20111008 「北海道東部沖の海洋汚染――北海道太平洋側の秋刀魚は大丈夫?」

『毎日新聞』によれば、「福島原発100キロ海域、サンマ漁禁止」のようである。[1] しかし、福島沖だけではなく、三陸沖、そして釧路、根室沖の北海道東部の海域もまた、高濃度に汚染されている。[2] つまり、いままで安全とされてきた「北海道産」の海産物が汚染されている。もちろん、北海道西部、日本海側は現在、安全とされている。しかし、秋刀魚に限らず、北海道産と表示されるかぎり、北海道東部産の海産物が含まれている。
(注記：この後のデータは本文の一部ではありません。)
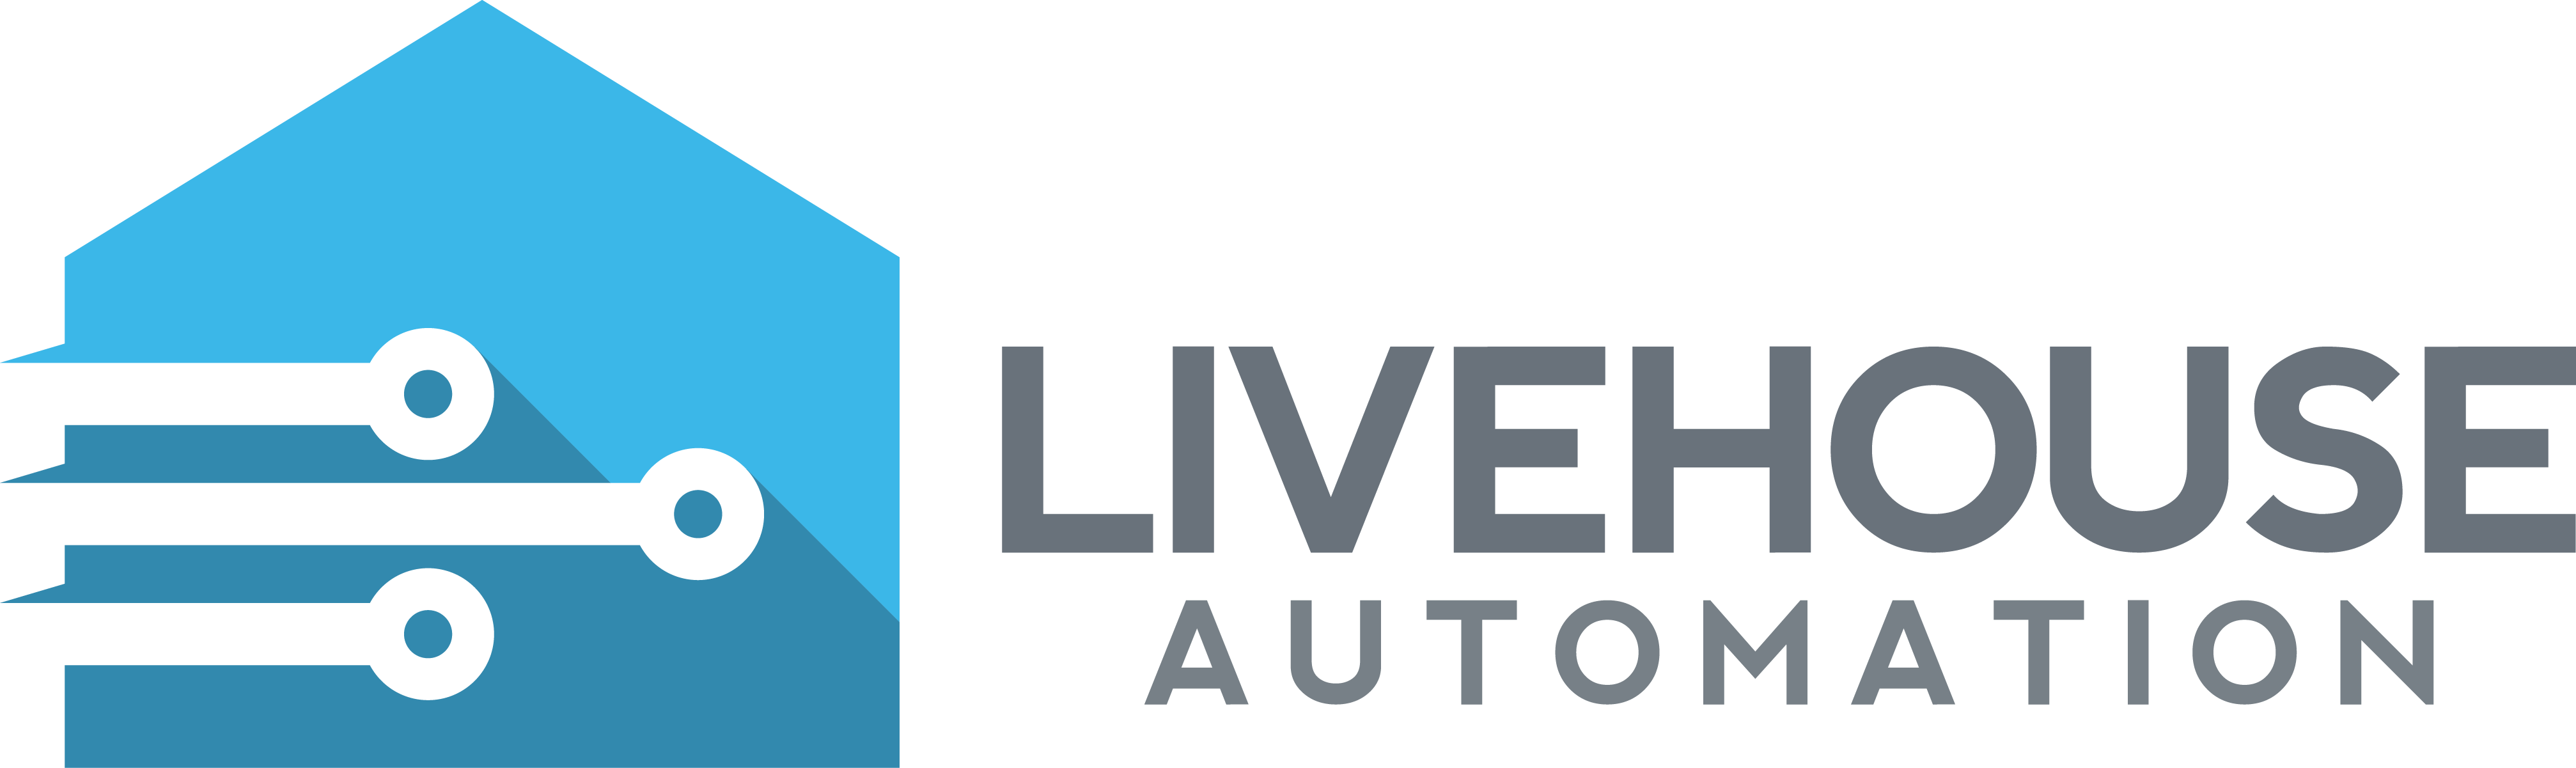 LiveHouse Automation provides a range of products for the DIY enthusiast, self installation kits or fully designed Home Automation solutions.

今まで、3月下旬から4月上旬にかけての北関東、東京、静岡のセシウム137、ストロンチウム90等による放射能汚染によって、その海域の汚染が問題になっていた。もちろん、この海域が絶対に安全であるという保障はないが、むしろ北海道東部海域、つまり北海道太平洋側の海洋汚染がより深刻である。4月から10月にかけてほとんどの放射性物質は南風に乗って北上し、北海道東部まで至っていた。そして、現在もまたセシウム137等は漏れ続けている。この海域もまた放射能汚染の可能性がある以上、秋刀魚漁は北海道東部海域まで慎重にならざるをえない。

また、10月8日現在、スイスの気象メディア社(Meteomedia AG)によれば、東京電力株式会社福島第一原子力発電所から放出された高濃度の放射性雲は、その大半が太平洋へと拡散している。しかも、その一部は北海道東部沖へと流れている。[3] 北海道東部沖のサンマが放射能から無縁でありえようか。
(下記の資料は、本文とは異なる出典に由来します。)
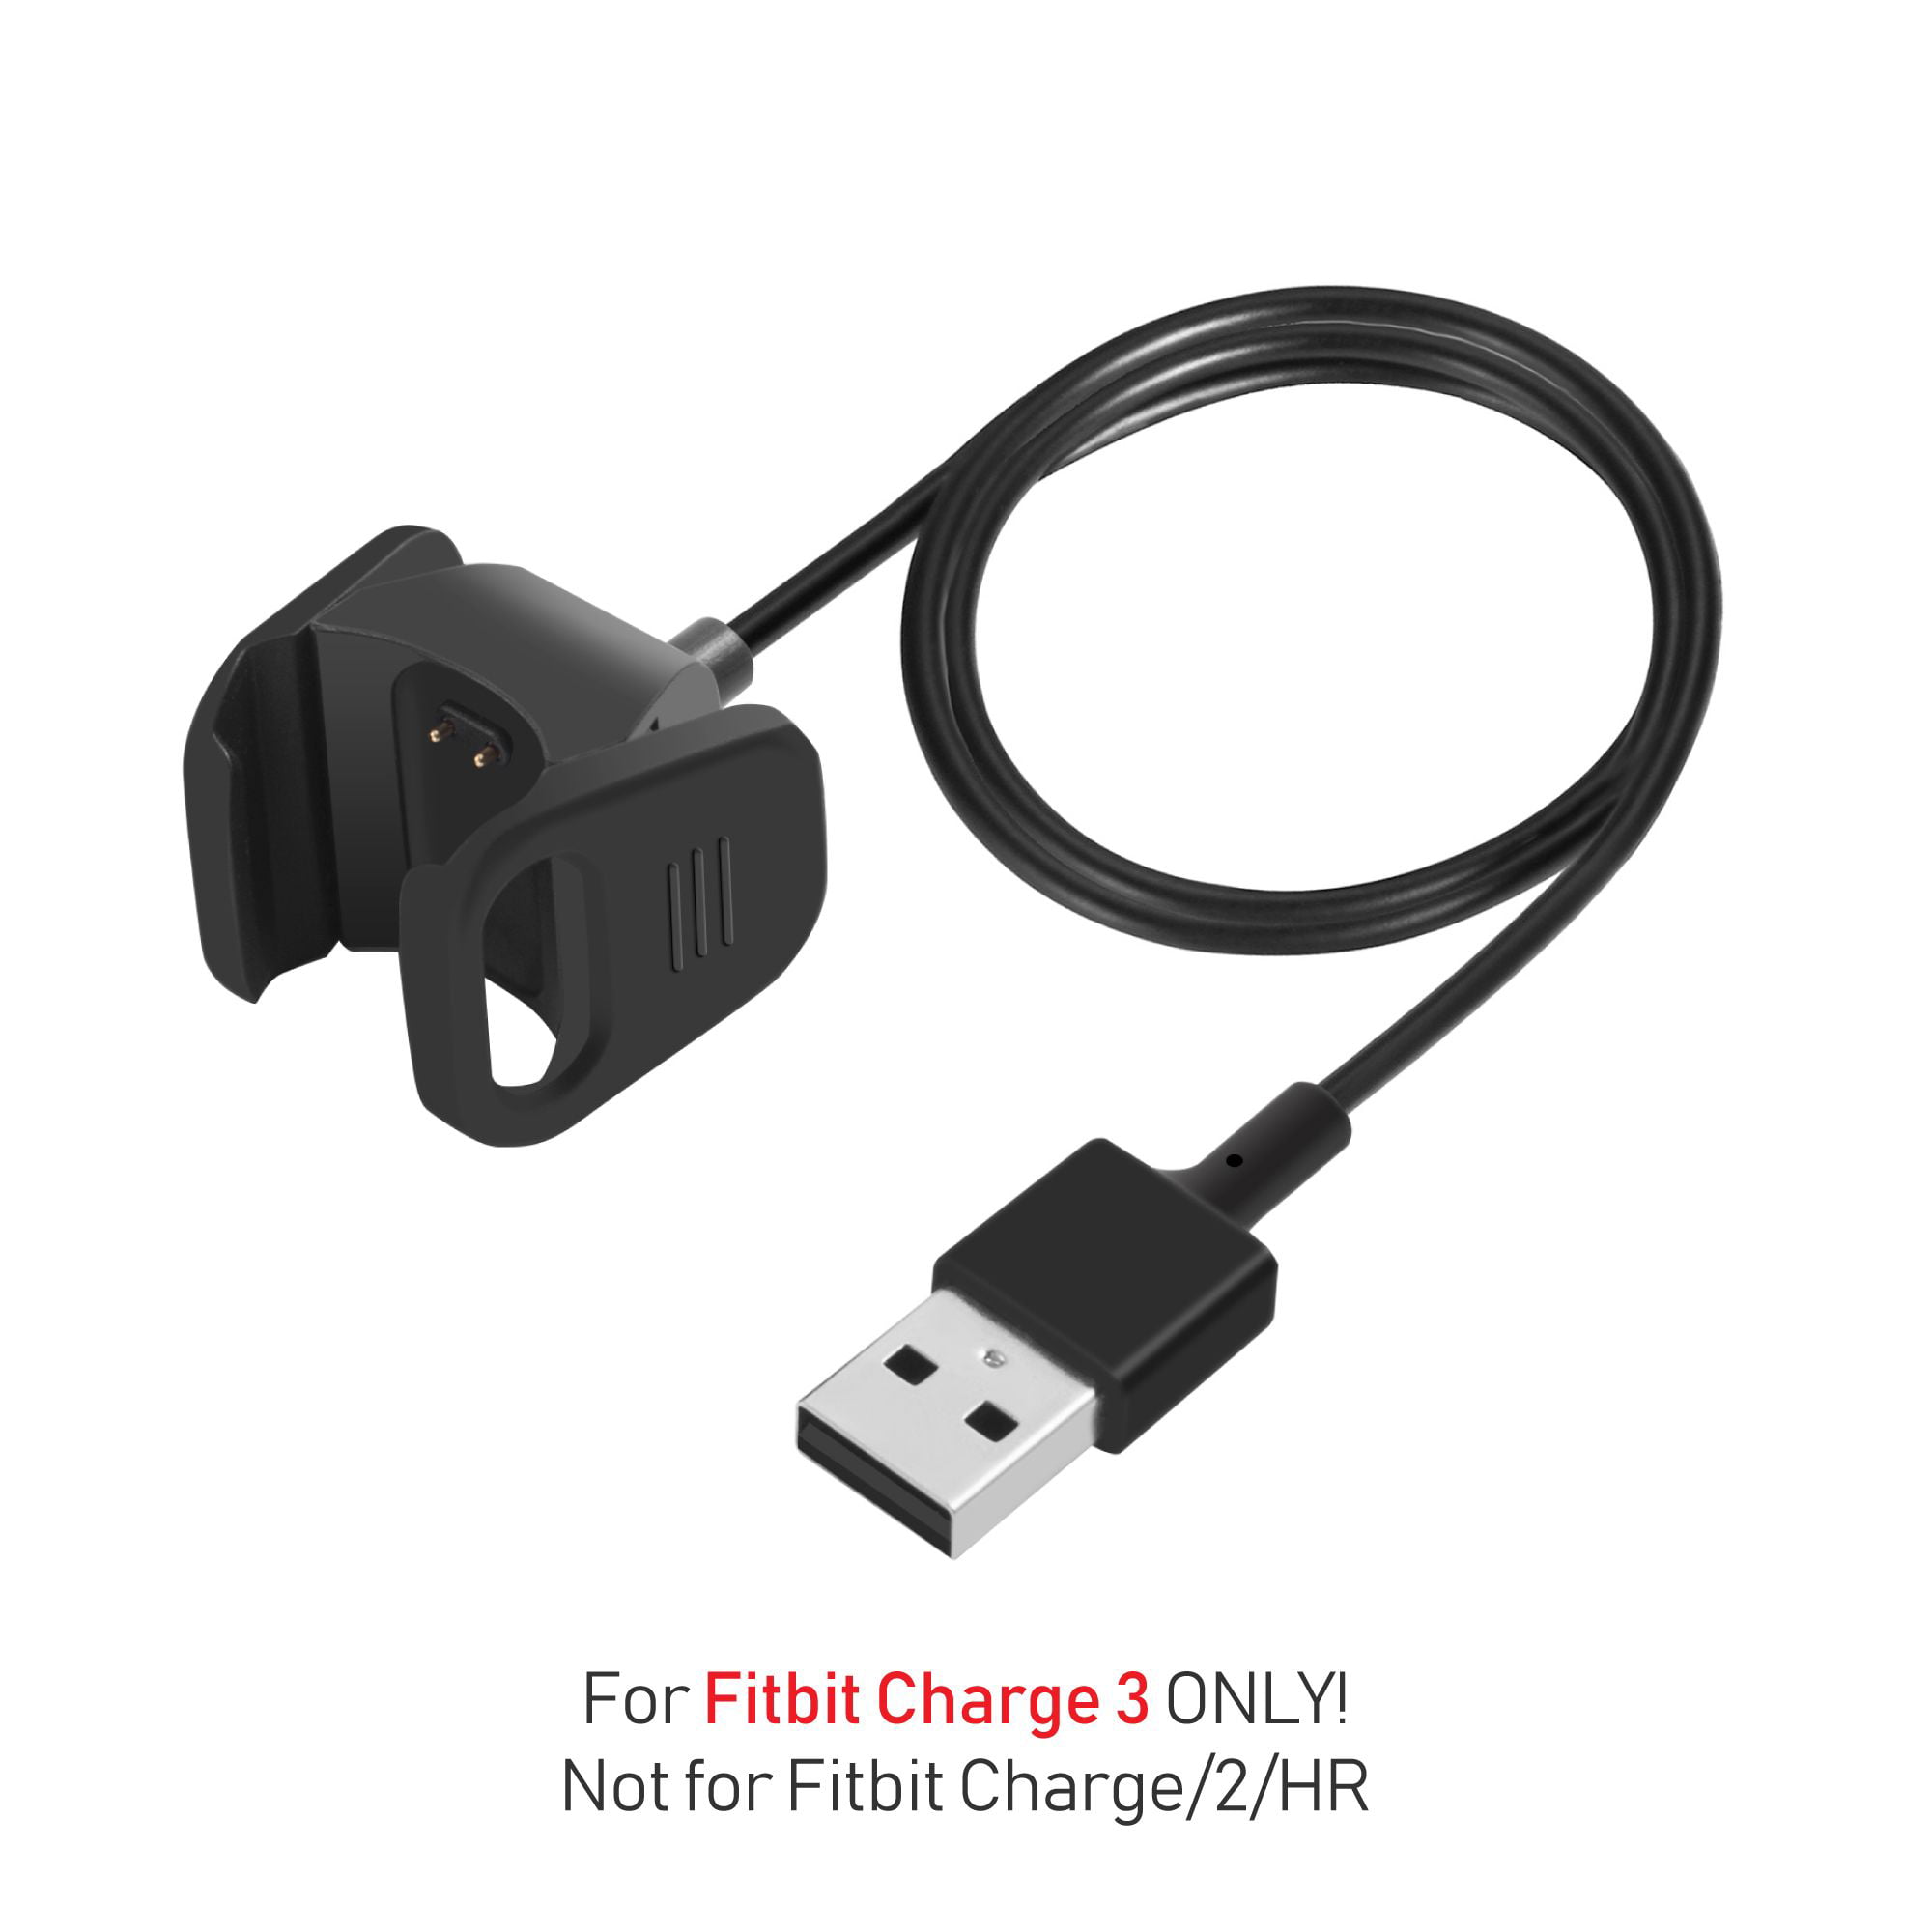 2 Pack Fitbit Charge 2 Replacement USB Charger Charging Cable Dock 1.8FT

さらに、サンマは北海道東部沖、三陸沖、福島沖を回遊している。福島沖100キロという数字はほとんど意味をなさないであろう。

北海道産の海産物は安全であるという評判は、覆されている。もはや、北海道産というだけで安全であるという神話は崩壊した。今後、北海道西部、あるいは北海道日本海側というブランドを確立すべきである。